Chronicle of an exhibition

By Helen Cronin, Master of Archaeology Student
(With apologies to Carmel Schrire )

This semester I’m doing an internship with the Bendigo Art Gallery which is preparing an exhibition of artefacts from an excavation that took place here in Bendigo a couple of years ago. The internship is part of a Directed Study I’m doing as part of the coursework component of my masters.

The excavation
For around five weeks in 2009, every lunchtime I walked past an excavation going on just down the road from where I worked. I stood on one side of the cyclone wire fence watching the archaeologists working diligently on the other side.
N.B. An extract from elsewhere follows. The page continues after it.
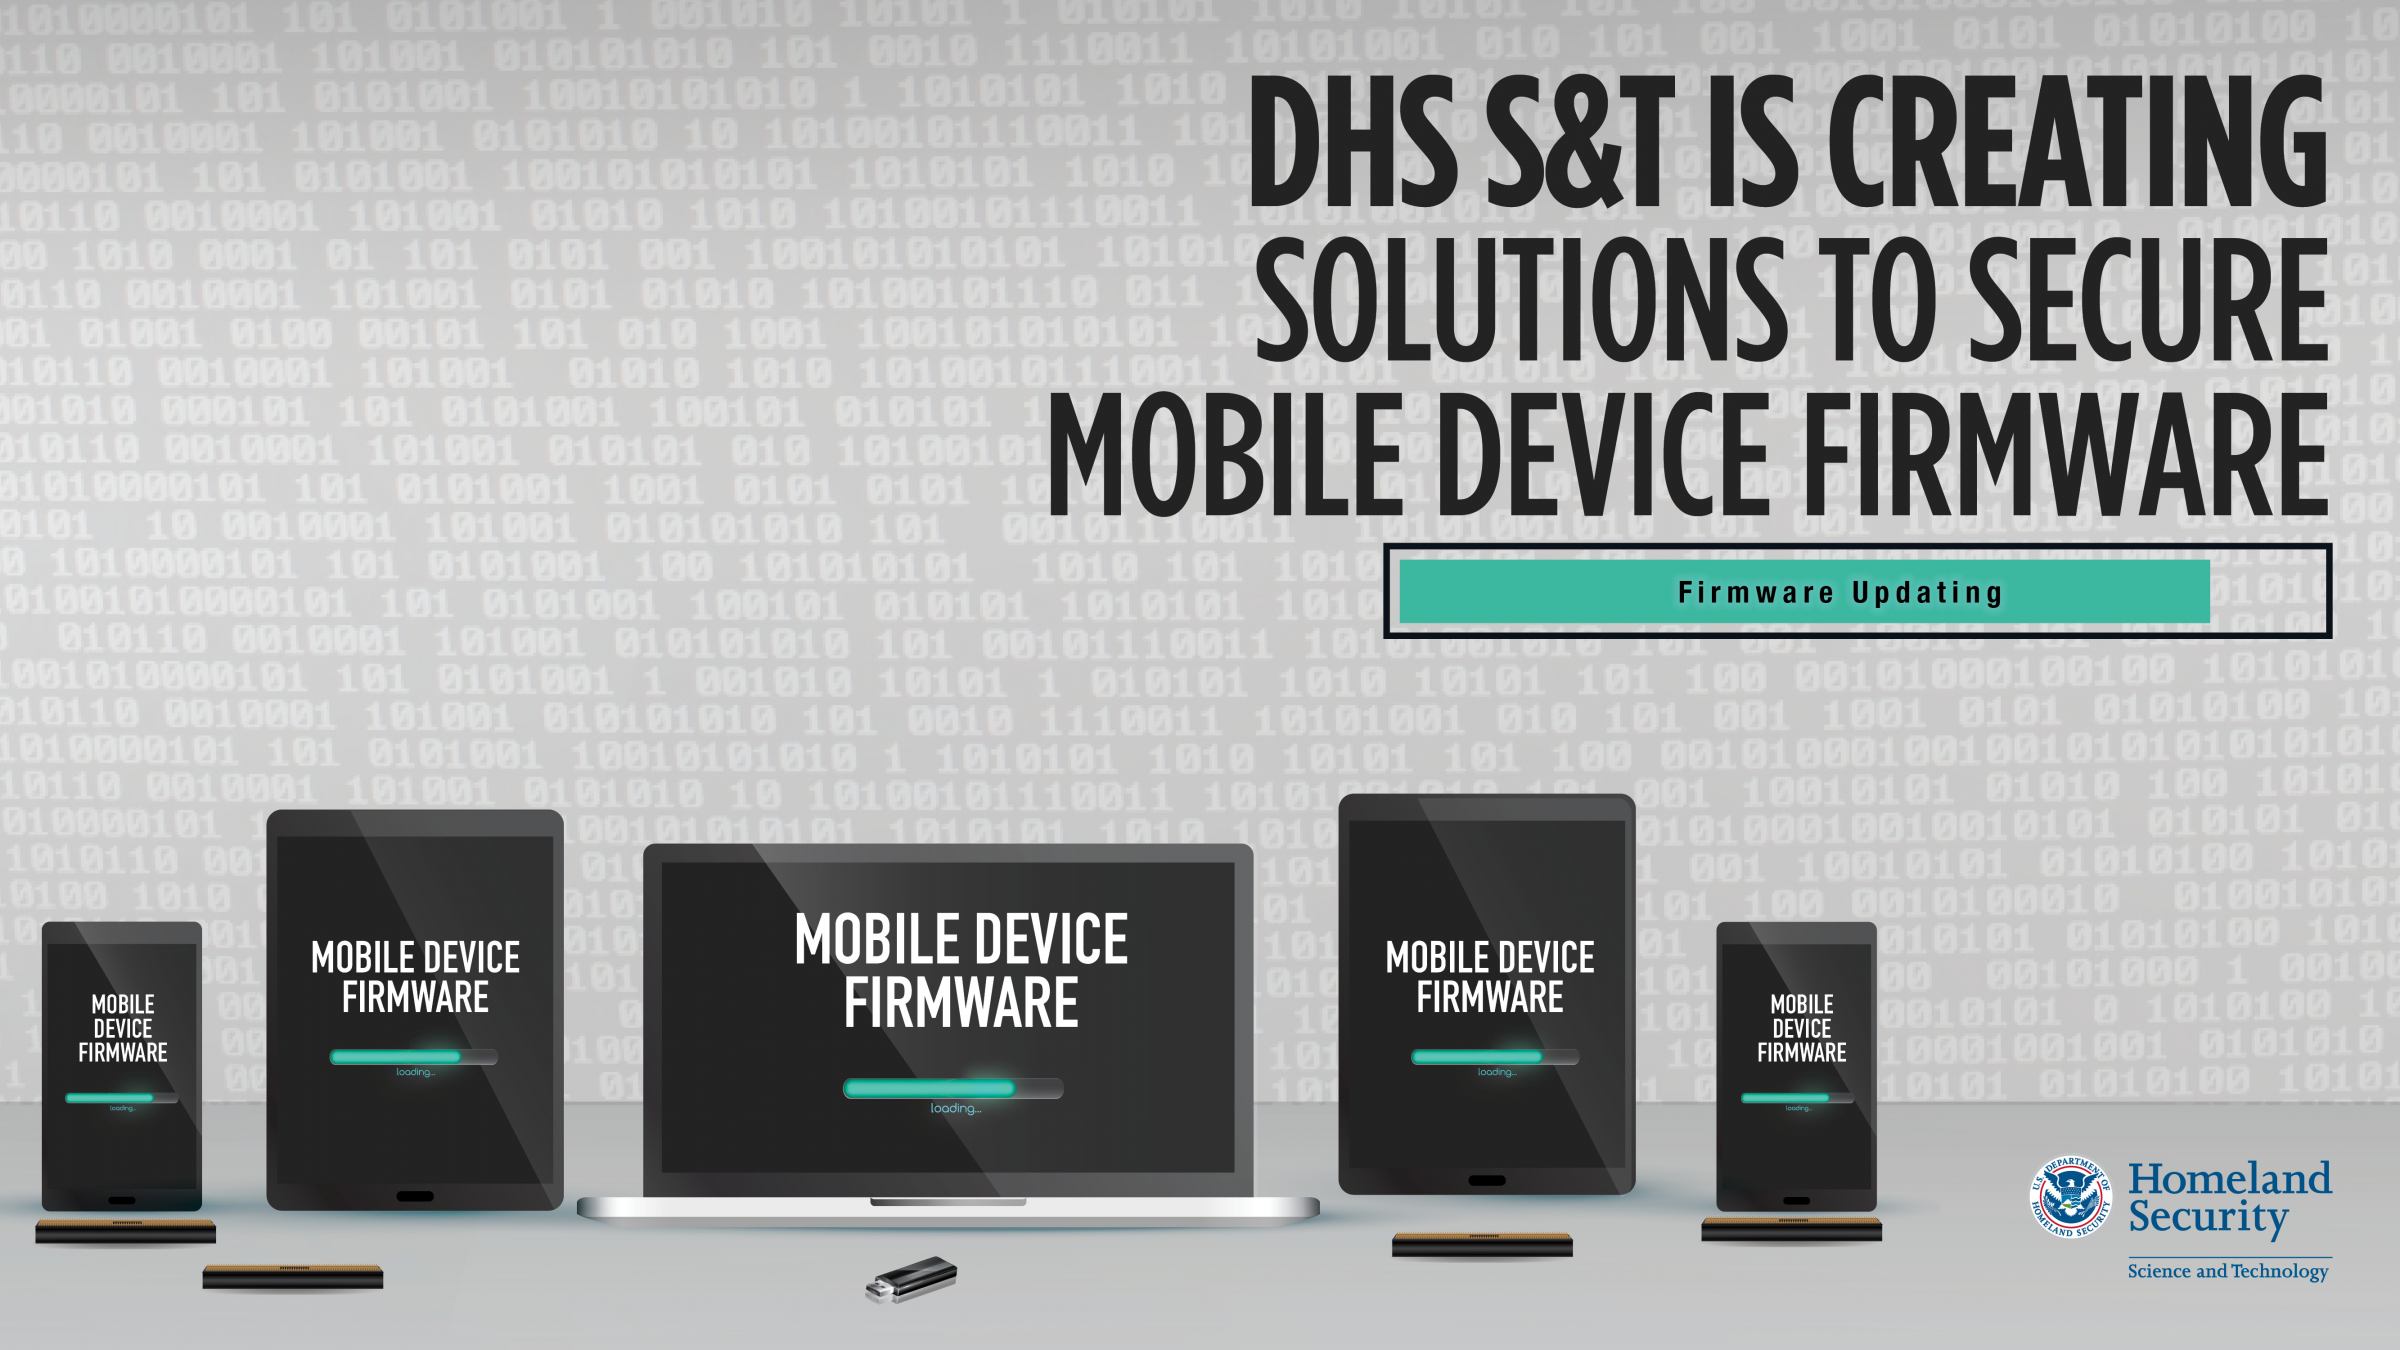 DHS S&T is creating solutions to secure Mobile device firmware

Forest Street, Bendigo turned out to be of “considerable significance” to both Bendigo and the state according to the DIG International report.

Archaeologist standing in a trench holding a bottle.
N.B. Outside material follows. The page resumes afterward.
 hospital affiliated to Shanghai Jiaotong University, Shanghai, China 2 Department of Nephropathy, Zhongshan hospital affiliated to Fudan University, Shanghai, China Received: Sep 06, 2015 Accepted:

All the artefacts were packed up and disappeared into the Heritage Victoria warehouse in Melbourne, and the developer constructed a new commercial building on the site.

The exhibition
I’d met a local archaeologist who had been involved with the project and was passionate that such stories should be told locally. I agreed. When the new building opened earlier this year, the local newspaper published a supplement that included a spread about the “treasures” that had been unearthed. So I wrote to the paper suggesting that it was a shame the story wasn’t being told here in Bendigo.

Bendigo doesn’t have a dedicated European history museum (a subject of some interesting debate here), but we do have the Post Office Gallery – a satellite space of the Bendigo Art Gallery – that hosts temporary social history exhibitions. And they announced shortly after I wrote to the paper that they were planning an exhibition of archaeology from the Forest Street site.

I begged the curator to let me be involved somehow. So this semester I’m undertaking an internship with the Bendigo Art Gallery for my Directed Study. I’ll be doing the research for and writing the labels that will accompany the items.

In addition, I’ll be setting that in a theoretical context of museum archaeology. The challenge with any museum exhibition of archaeology is to somehow provide a context for an object whose main value inheres in the original context from which it has been removed. Add to that postmodern concerns about “curatorial authority” and representation/construction of the past and this should be fun.

The artefacts
Last Friday, I visited the Heritage Victoria warehouse into which the Bendigo “treasures” disappeared. Annie, the very generous Curatorial Officer, showed me boxes and boxes from all sorts of sites around Bendigo and let me go through all the artefacts that have been selected for the exhibition. It’s a strange feeling looking at the names on the boxes and knowing I ride my bike past them regularly.

Hedley Swain in An Introduction to Museum Archaeology observes that people are more excited about a find the closer they are to its source in time and space. “Being shown a relatively unimportant find that was found on their street yesterday becomes as important as a famous ancient treasure found hundreds of years ago in another country.”(p 270) I have to agree. I think I was more excited handling tea cups and figurines that came from the down the road from where I worked than if they’d let me handle Tutankhamun’s crown.

I have another day booked at the lab in early September and a lot of work to do on what I’ve gathered so far.

(Annie also suggested that there was plenty of work to be done on Bendigo assemblages fit for a masters or PhD thesis. And she was happy to help with research topics.)